Primo passo: il sì del Comitato tecnico regionale prevenzione incendi
Il percorso per la realizzazione di un deposito/rigassificatore al porto canale sarà lungo e complesso. Prima tappa: passare l'esame del Comitato tecnico regionale prevenzione incendi. Un passaggio inevitabile, previsto dal decreto Seveso: che è la normativa di riferimento quando si tratta di quegli stabilimenti definiti “a maggior rischio” in caso di incidenti. E qui si parla di Gnl, un materiale altamente infiammabile e che può esplodere.
LA RIUNIONE DI IERI È questo, in sintesi, il risultato della riunione che si è tenuta ieri mattina nella sede dell'Autorità portuale. Attorno al tavolo, oltre a Roberto Isidori, commissario straordinario dell'ente padrone di casa, che rappresenta anche la Capitaneria di porto di cui è comandante, c'erano la dirigente del Comune Claudia Madeddu (edilizia privata) e funzionari di vigili del fuoco e Genio civile. Non una conferenza di servizi, che sarebbe già una tappa formale, ufficiale: piuttosto un incontro preliminare, informale, un modo per saggiare il terreno burocratico prima di poggiare il primo passo.
LA DIRETTIVA Poche le informazioni filtrate nel pomeriggio. Tra queste, la più importante è sicuramente la definizione dell'iter che dovrà seguire il progetto presentato dalla Isgas, che a Cagliari già gestisce la rete del gas di città.

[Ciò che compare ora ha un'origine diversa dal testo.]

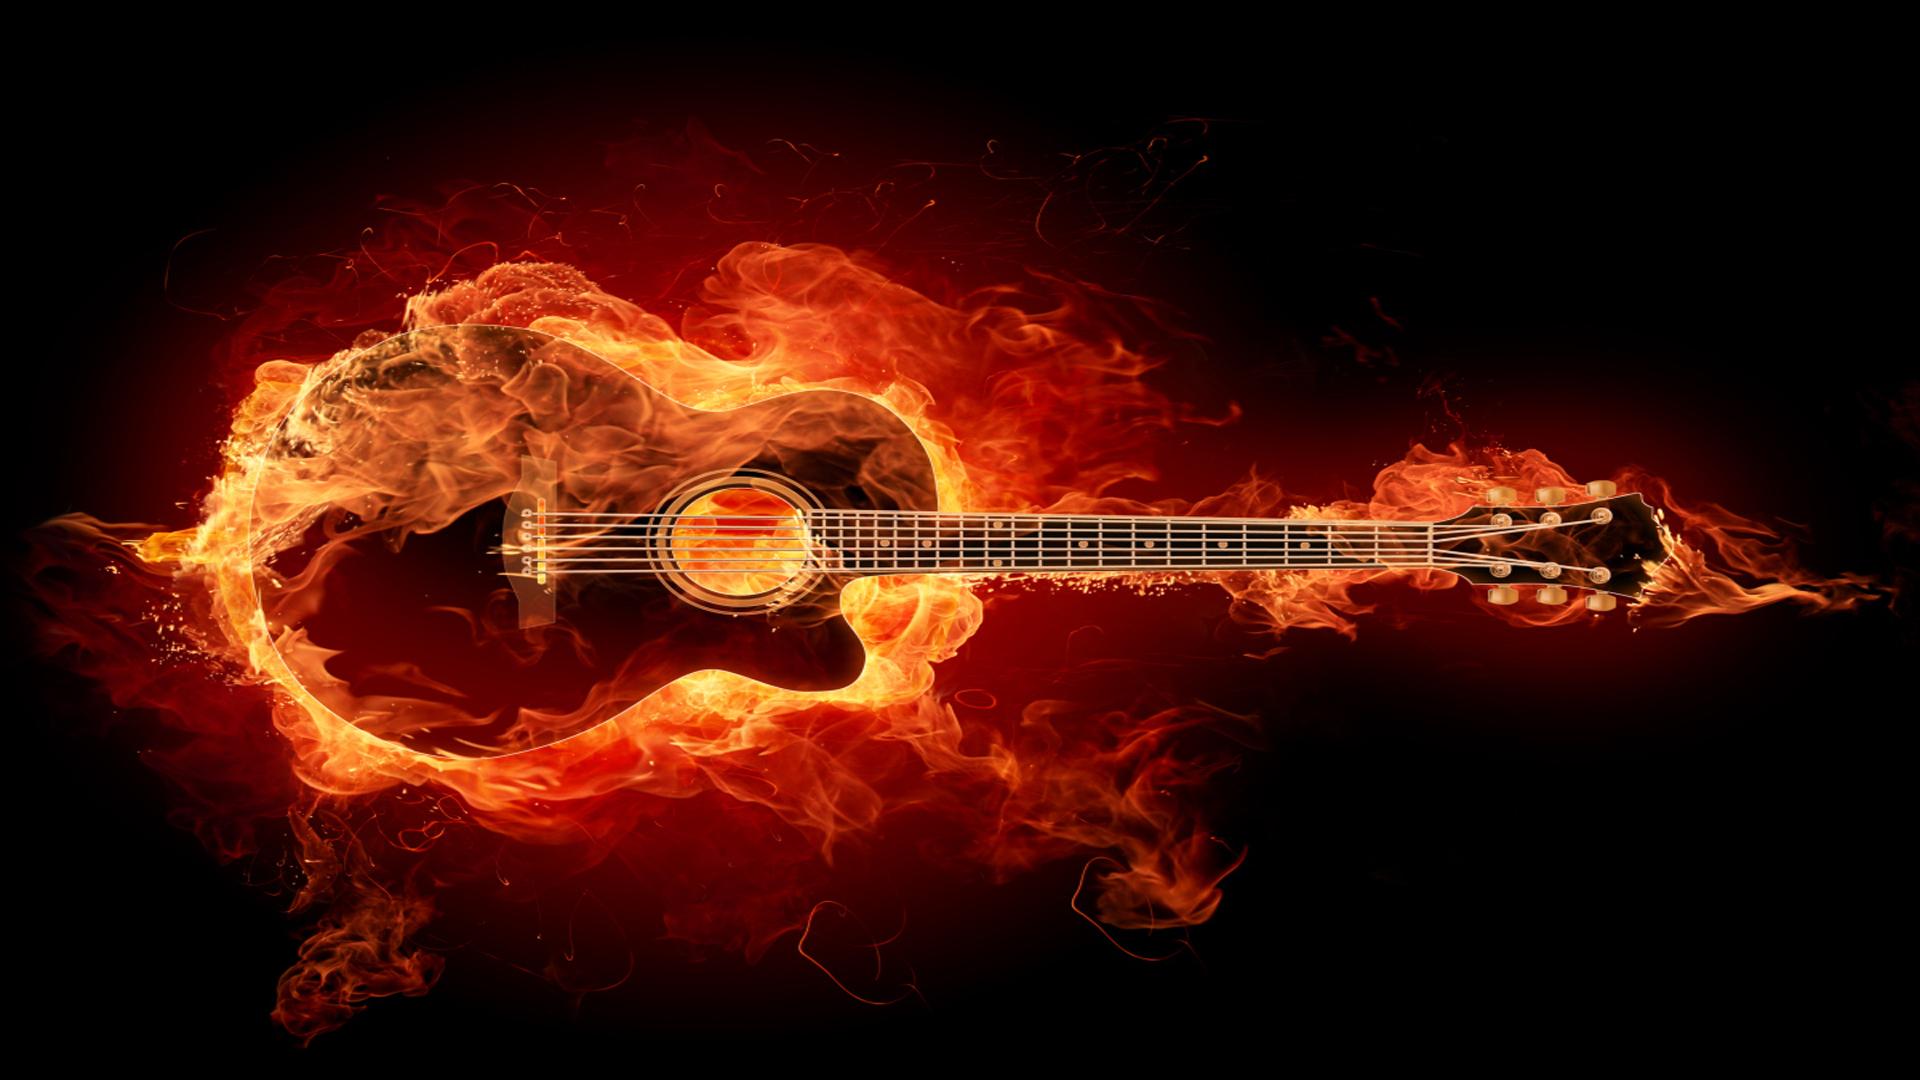 guitar wallpaper widescreen - photo #34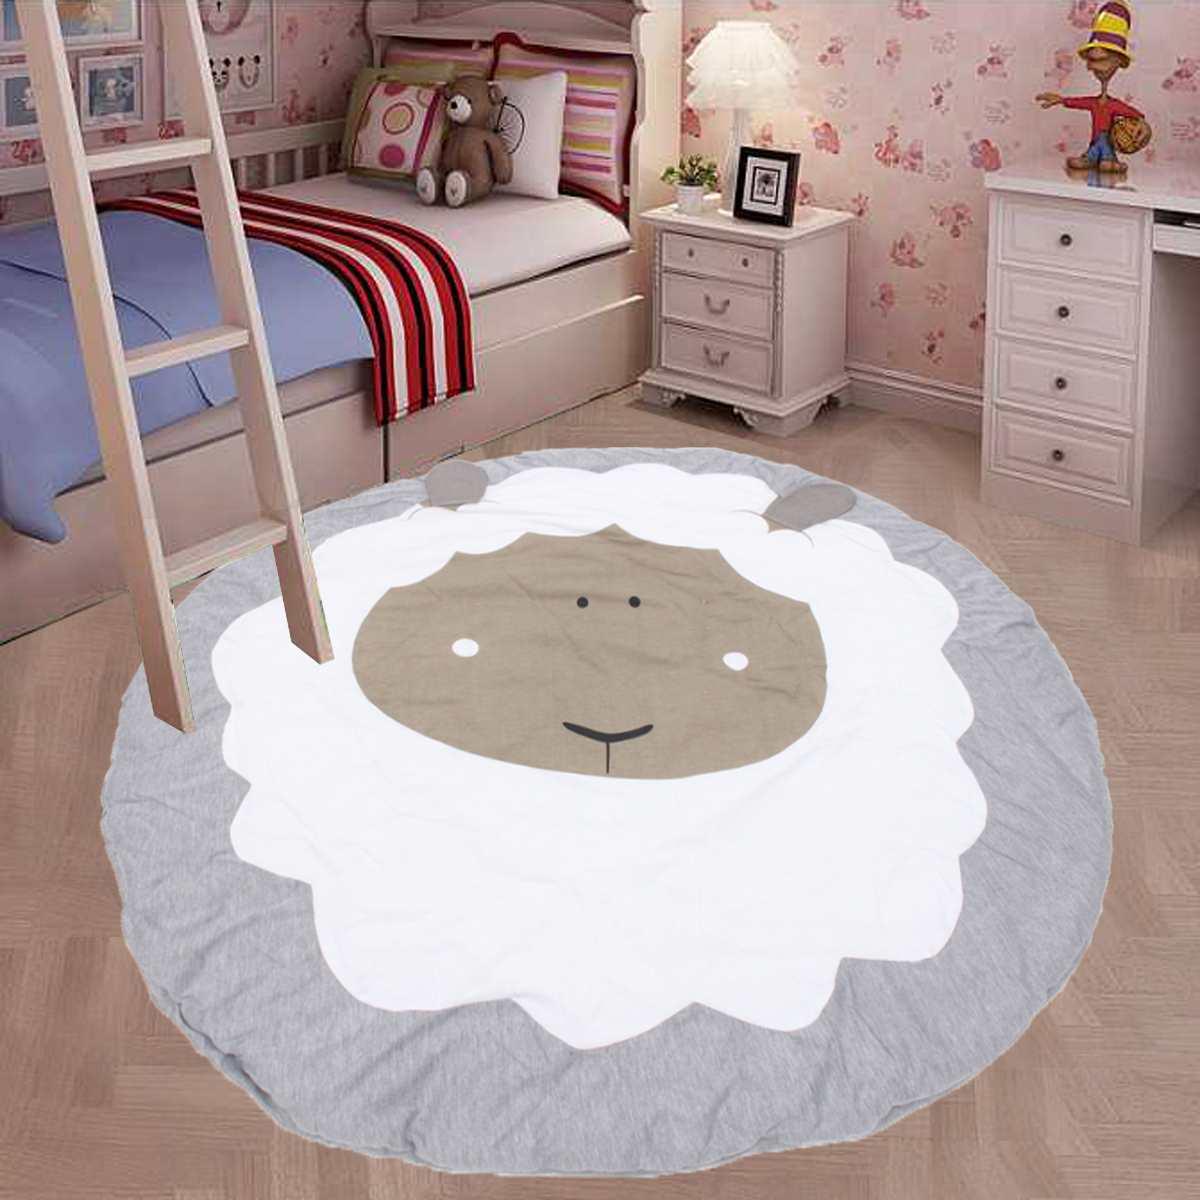 Play Mat Round Carpet Game Cartoon Pure Cotton Crawling Mat For Children Sheep Mat Blanket Carpet Children's Room Decorations

A indicarlo è stato il rappresentante dei vigili del fuoco, competenti in materia di sicurezza quando c'è da esprimere un parere di fattibilità. «Nel caso specifico - spiega il comandante provinciale Luciano Cadoni - la tipologia di impianto rientra fra quelle per cui si applica la “direttiva Seveso”, normativa europea adottata negli anni '80 dopo il disastro causato da una fuga di diossina da un'impianto chimico a Seveso, bassa Brianza, e recepita dall'Italia nel 1988».
IL GAS LIQUIDO L'impianto che la Isgas vuole realizzare nel porto canale consiste in un sette o otto silos a forma di sigaro disposti in orizzontale uno accanto a l'altro, per la capienza complessiva di 20mila metri cubi, nei quali dovrebbe essere stoccato il Gnl, gas naturale liquido, composto principalmente da metano.
Il Gnl è benedetto dal piano energetico della Regione: per la Sardegna rappresenterebbe un'alternativa ecologica ed economicamente vantaggiosa rispetto ai carburanti fossili su cui è basato l'attuale sistema energetico sardo e all'aria propanata usata come gas di città. Viaggerebbe non in un gasdotto ma nelle stive di navi metaniere, conservato allo stato liquido, a una temperatura di 160° sotto zero. Per poter essere bruciato come carburante per alimentare i motori di auto e navi ma anche come gas di città, il Gnl deve però necessariamente essere riportato allo stato gassoso. La trasformazione avverrebbe appunto nell'impianto che la Isgas vuole realizzare al porto canale, dunque in un'area in cui arrivano, fanno manovra, attraccano navi portacontainer fra le più grandi al mondo, sono depositati e vengono movimentati migliaia di container e tonnellate di merci sfuse e lavorano centinaia di persone.
IL COMITATO «Pronunciarsi sui profili di sicurezza, stabilire le caratteristiche tecniche dell'impianto e la distanza minima tra questo e, per esempio, la strada statale 195 è prerogativa del Comitato tecnico regionale prevenzione incendi», prosegue Cadoni: «A esso la ditta proponente dovrà sottoporre un rapporto in cui si ipotizzino i rischi nelle varie fattispecie di eventuali incidenti. Solo dopo il via libera del Comitato l'Autorità portuale potrà esprimere il parere sulla compatibilità fra l'impianto e il luogo destinato ad accoglierlo».
Del Comitato fanno parte il comandante regionale e quelli provinciali dei vigili del fuoco, il comandante della Capitaneria di porto e rappresentanti di Arpas, Inail, Ordine degli ingegneri e Comune. L'organismo, nei mesi scorsi, ha dato il via libera alla realizzazione, nel porto di Santa Giusta, di due depositi/rigassificatori molto simili a quello che si vorrebbe costruire nel porto canale. In quei casi fu necessario adeguare i progetti alle osservazioni formulate dalla Capitaneria di porto di Oristano che aveva ritenuto non compatibili le caratteristiche degli approdi.